Sweden created a system in 1999 that siphoned off 2.5 percent of a worker’s gross income and invested it in privately managed stock and bond funds. Employees choose the funds themselves, based on their appetite for risk.
Since then, countries including Bulgaria, Romania, Poland and all the Baltic states, as well as Germany, have adopted similar programs. (A proposal by President Bush to do much the same died at the beginning of his second term.)
Germany’s system, using tax incentives to persuade people to save for their own retirement, got off to a slow start in 2001. But now some 11 million Germans have bought into it.
Mr. Polzer, the founder of Germany’s pensioners’ party, is even campaigning in favor of extending it. Thomas Langer, a professor of business at the University of Münster who studies pensions, said, “I have no doubt that in the last five years there has been a serious change in mentality in Europe.” He added, “it would have been nice if we had tackled it earlier though.”
The question is whether broader changes can be put in place — and made to stick — before the demographic time bomb explodes.
Vincenzo Galasso is a professor at Bocconi University in Milan and co-author of “Contro i Giovani” (Against the Young), a popular book with a cover illustration that shows a Cronos-like monster devouring young people.
Italians are not eating their young, but they are, in Mr. Galasso’s view, fleecing them.

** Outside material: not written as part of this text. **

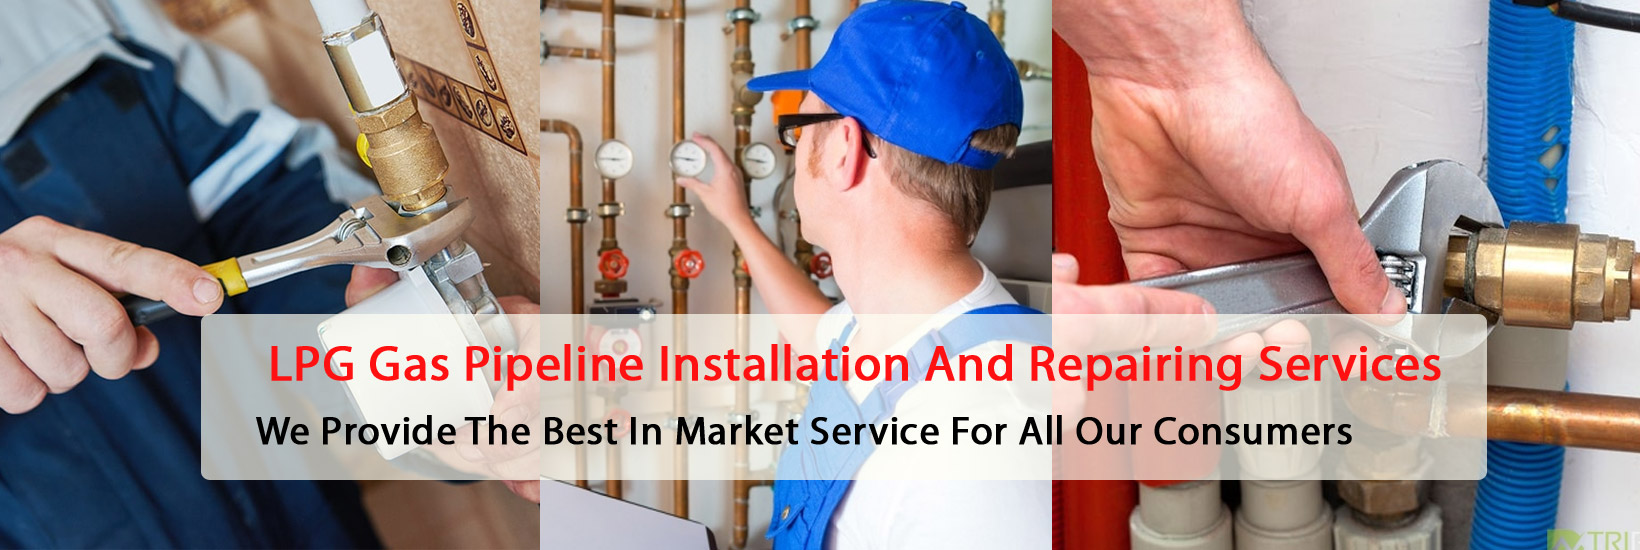 Gas Pipeline Services, Gas Pipeline, Gas Equipment Dealers, Commercial Gas Pipe Line Installation Services, Piped Natural Gas Connection, LPG Gas Pipe Line Installation Services For Domestic

After agreeing to raise the retirement age to 60 by 2009, Italy put off the reform until 2017.
The median age of Italian voters is around 46 years now, but will reach the late 50s by midcentury, Mr. Galasso points out. Unless the retirement age rises further — and soon — more Italians will have a vested interested in opposing change.
“We’re on a continuum where reform becomes harder and harder,” Mr. Galasso said. “I hope that there is no point of no return.”